Moody's - CME Group Inc. (CME, Aa3 stable) and Cboe Global Markets, Inc. (Cboe, Baa1 positive) recent launch of Bitcoin Futures contracts is not anticipated to affect the creditworthiness of either entity, owing to strong risk management at central counterparty clearing houses (CCPs), low futures' volumes and the futures' exchanges conservative approach to managing Bitcoin exposure, Moody's Investors Service says in a new report.
The price volatility of Bitcoin presents risk management challenges for CCPs which makes it more difficult to close out a defaulting clearing member's exposures. To manage this risk, both CME and Cboe set relatively high margins for Bitcoin futures trades to mitigate counterparty exposure, and have increased margin requirements from those they first presented to regulators in October 2017.
"We expect the CME and Cboe to make conservative adjustments to these margins in response to changing market conditions -- namely, a sudden rise in the volatility of Bitcoin prices -- as a risk and credit control measure," Moody's Analyst Fadi Abdel Massih says.

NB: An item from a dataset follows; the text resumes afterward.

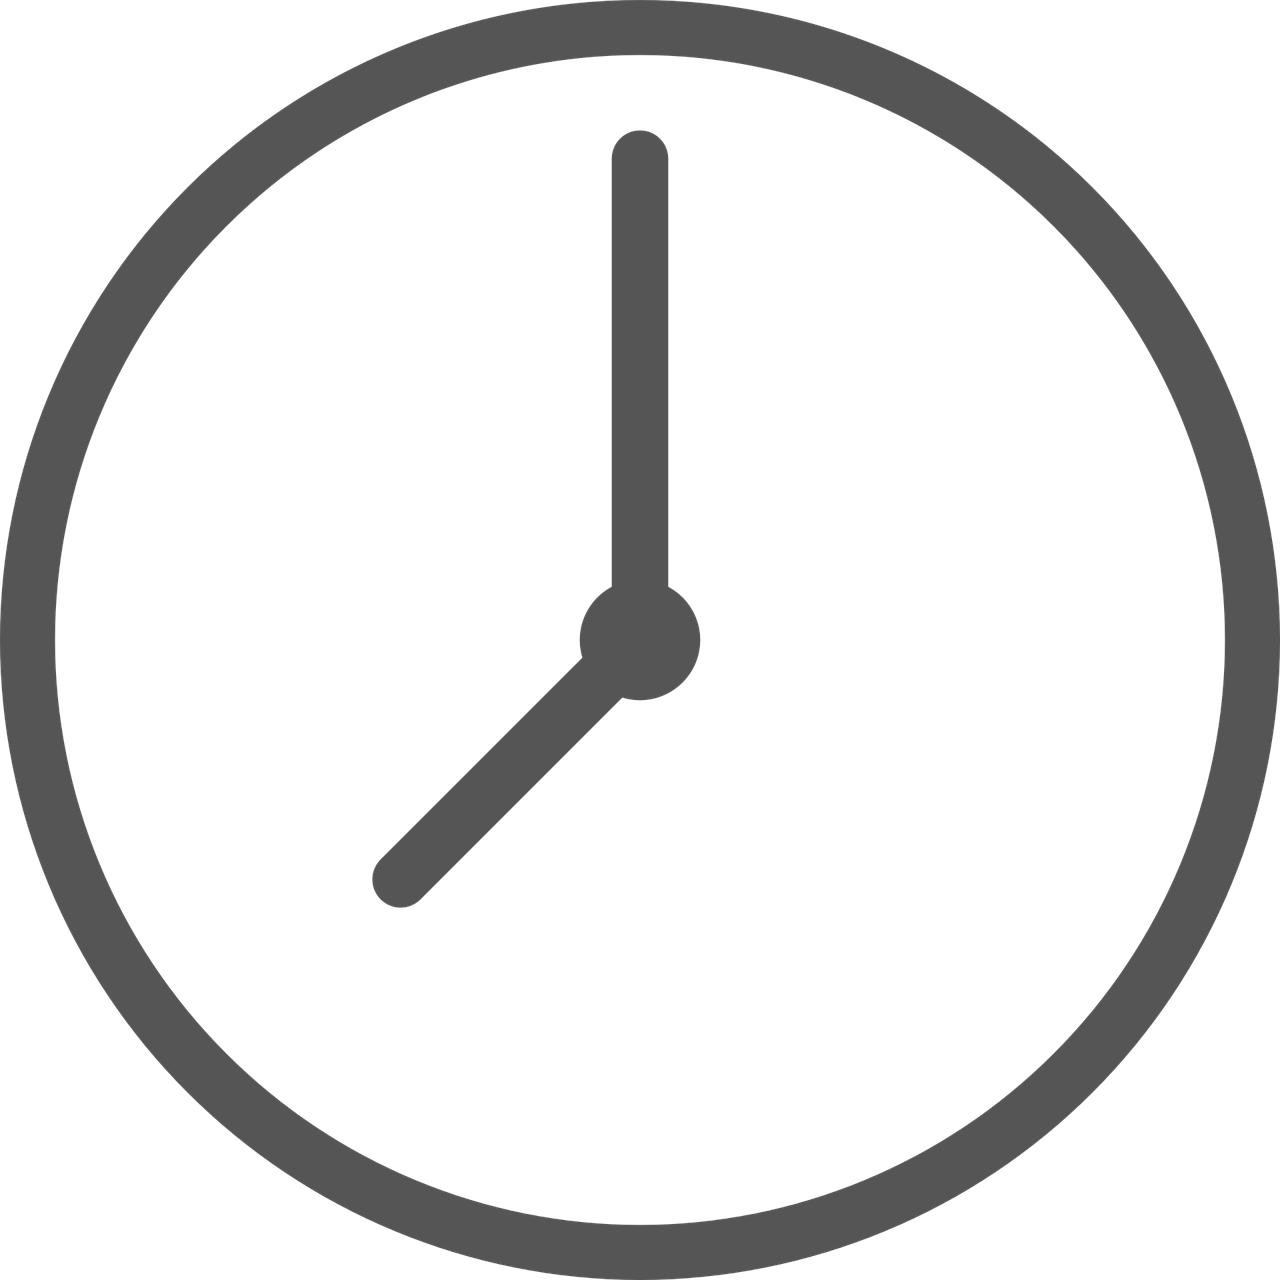 a clock icon on a black background, by Andrei Kolkoutine, medium, thick outline, grey shift, 2 0 5 6 x 2 0 5 6
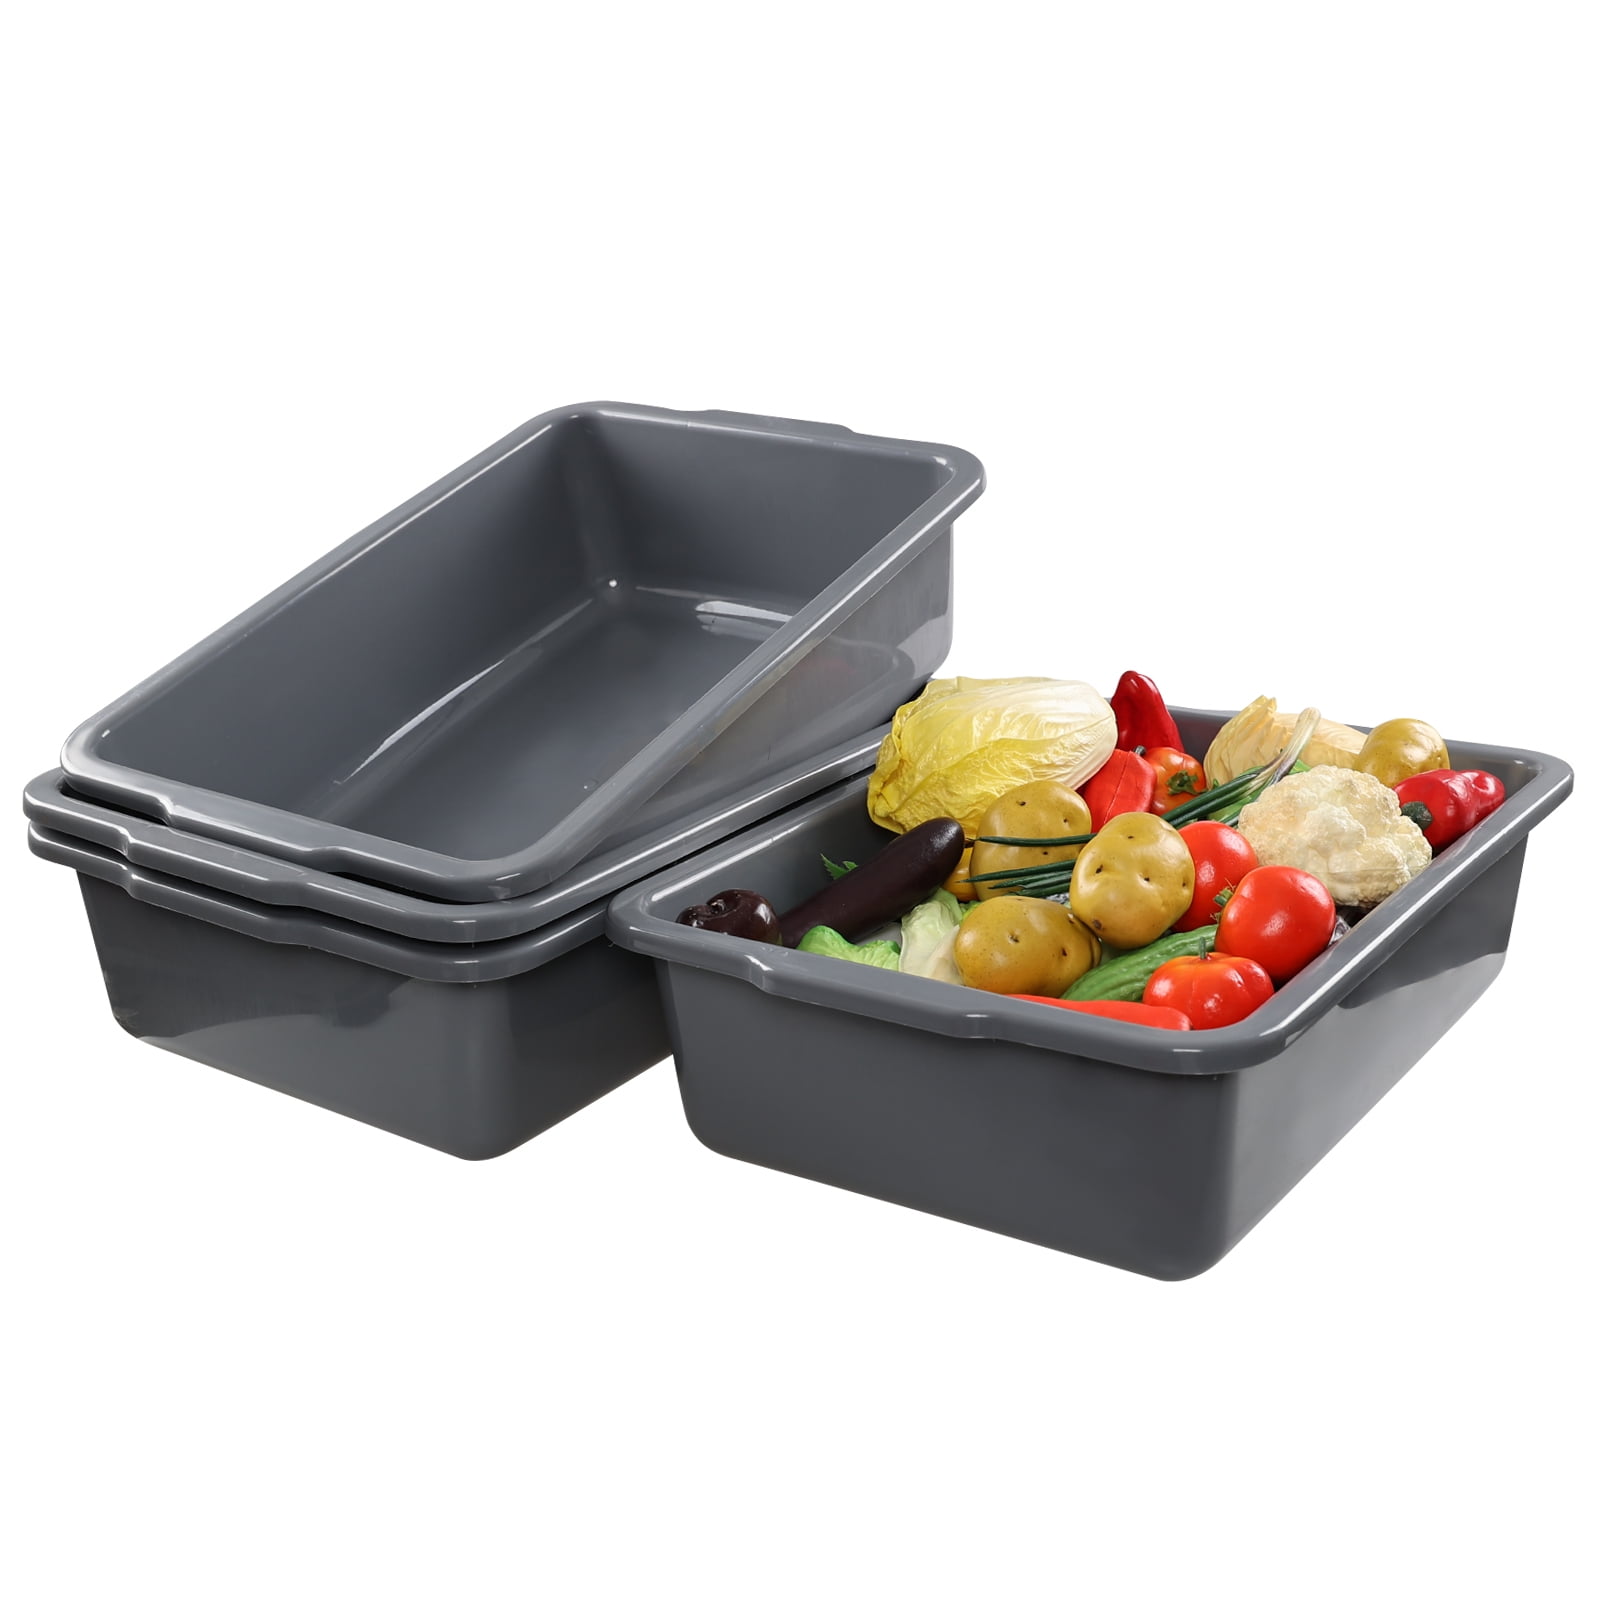  Wekioger 3 Pack Bus Tubs Commercial, 13 L Meat Tubs

Risk is contained for retail brokers as well. The firms that offer the products, such as TD Ameritrade Holding Corporation (TD Ameritrade, A2 stable) and E*TRADE Financial Corp. (E*TRADE, Baa3 review for upgrade) maintain conservative policies and margining to account for Bitcoin's high price volatility.
The cautious approach from retail brokers includes pre-qualification for customers to trade Bitcoin futures as well as an adherence to high margins. This risk management tool protects the brokers' exposure at the clearing house in a scenario where a customer defaults on a position.
"The margin that a broker requires from its customers is typically at least 10% more than the margin required by the clearing house from the broker, an important risk mitigation," Massih says.
However, operational risk is introduced to the underlying price of future contracts due to the use of unseasoned cryptocurrency spot exchanges. CME and Cboe use different methodologies to determine the reference rate for Bitcoin futures, and they both rely for price discovery on newly established cryptocurrency exchanges that have historically lacked meaningful regulatory oversight.